IT Examiner School

Examiner: So the Audit Committee is not involved in the process? NA Fossil: Yes, all responses are provided to Mr. Bose.

Examiner: Your responses indicate that you do not use standard baseline configurations for hardware/software. Is that correct? NA Fossil: Just for non-critical and most medium devices. At this time, we don’t have that many types of devices. However, we have a project to get this established since we are starting to grow and adding more devices, thus we need this done. Also, the auditors noted via the CAT that we are at baseline for our critical/most important devices.

Examiner: Does Contingent also help you with the risk assessment process? NA Fossil: As the auditor, they are an integral part of this process.

Examiner: So, Contingent provides guidance on the validity of the risk assessments? NA Fossil: No. We look at their audits and change our risk factor depending the findings.
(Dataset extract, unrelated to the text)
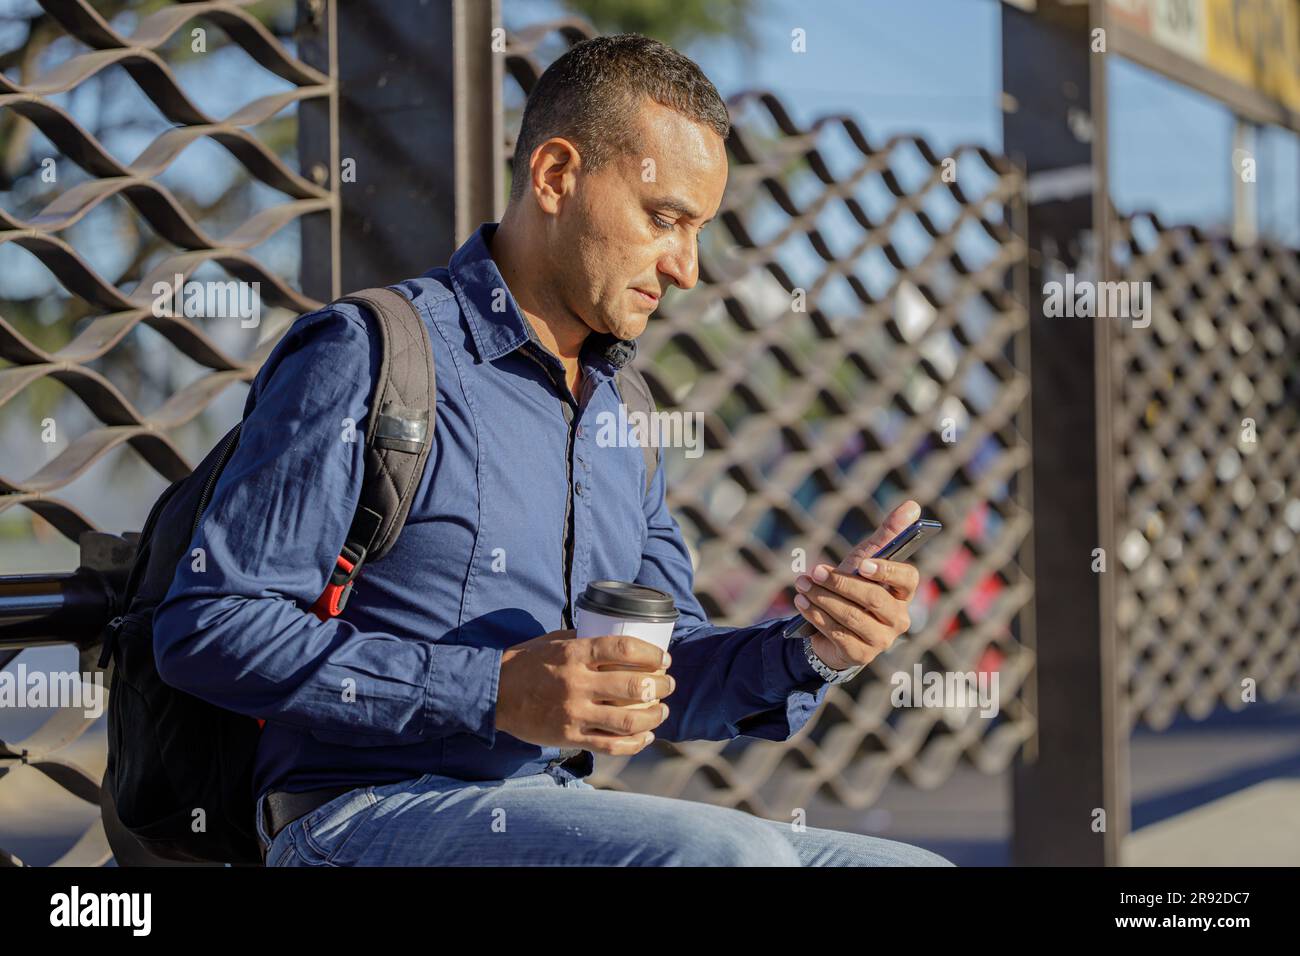 Ein junger lateiner, der auf sein Handy schaute und mit einer Papptasse Kaffee in der Hand auf den Bus wartete. Stockfoto
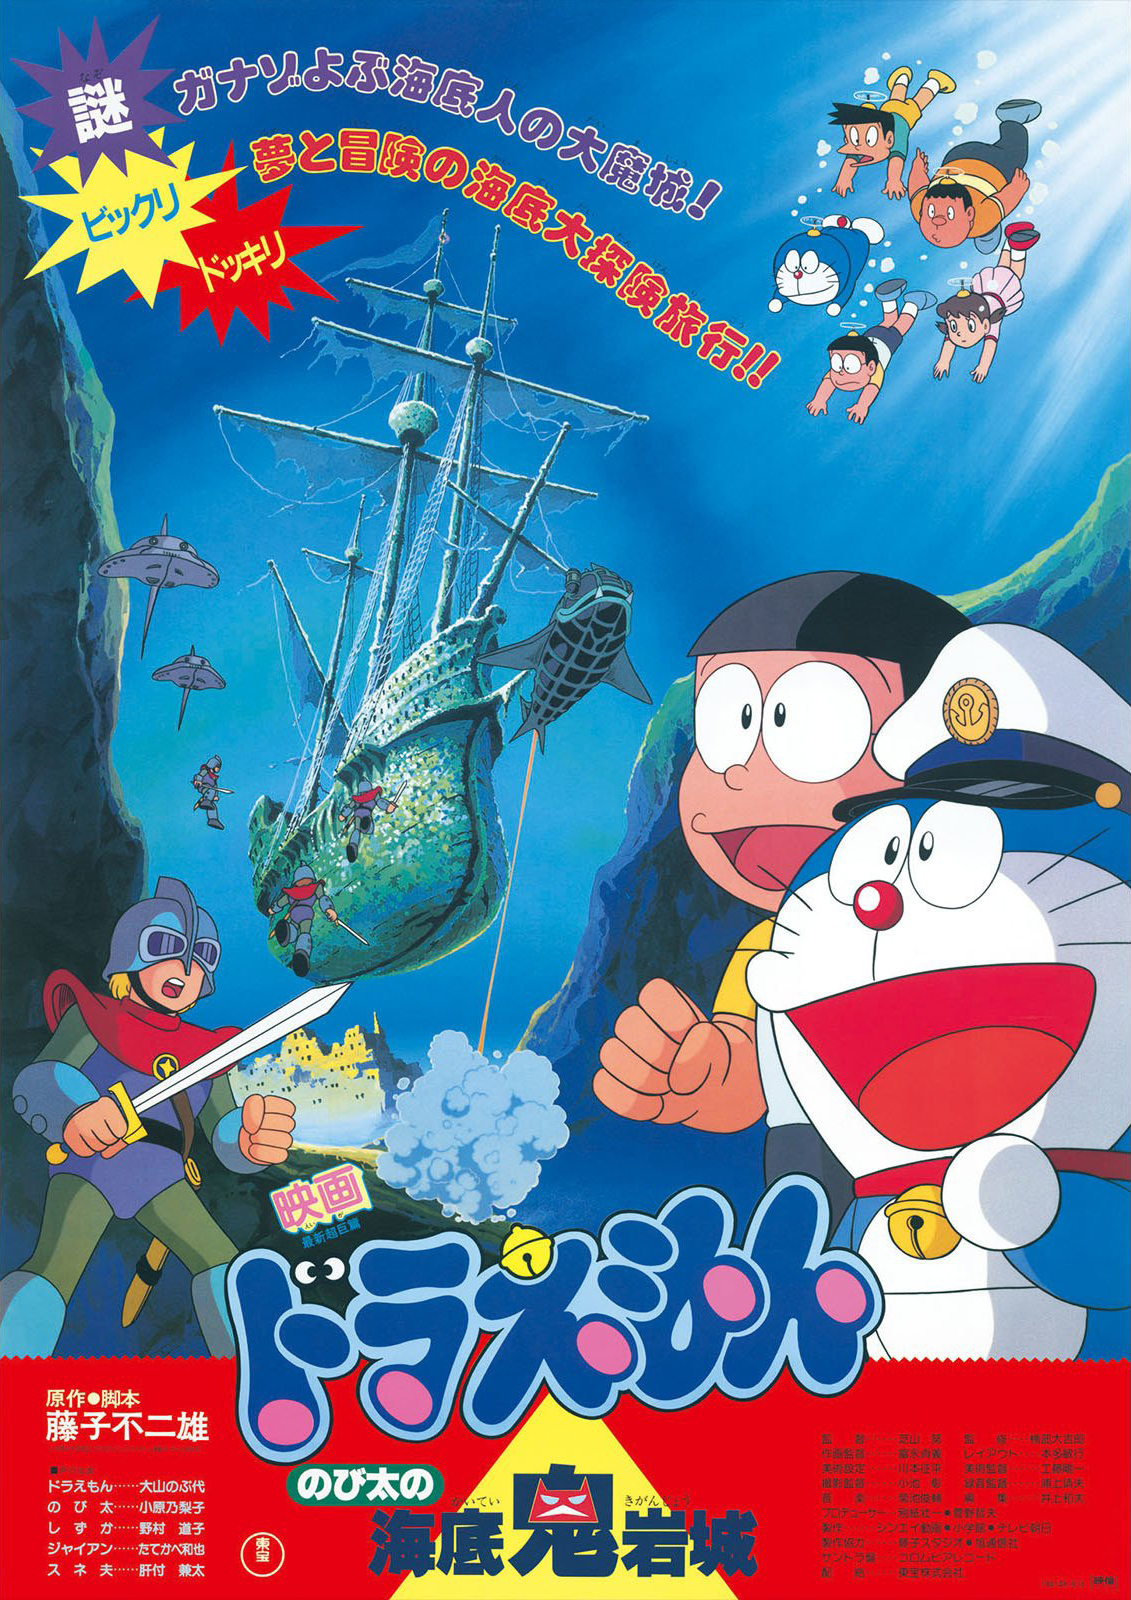 ดูหนังออนไลน์ Doraemon The Movie (1983) โดราเอมอนเดอะมูฟวี่ ตอน ตะลุยปราสาทใต้สมุทร

Examiner: Have you had any security incidents? NA Fossil: Intelligent. Inc. has not reported any incidents for the IDS and firewall. Network server logs have not indicated any breaches either. As you may recall, we did have that DDoS threat not long ago.

Examiner: Have you had any other threats? NA Fossil: No, just the one we gave you.

Examiner: You seem to have a lot of responsibilities here. Who reviews your activity? NA Fossil: No one directly. I’m very careful and no one has complained.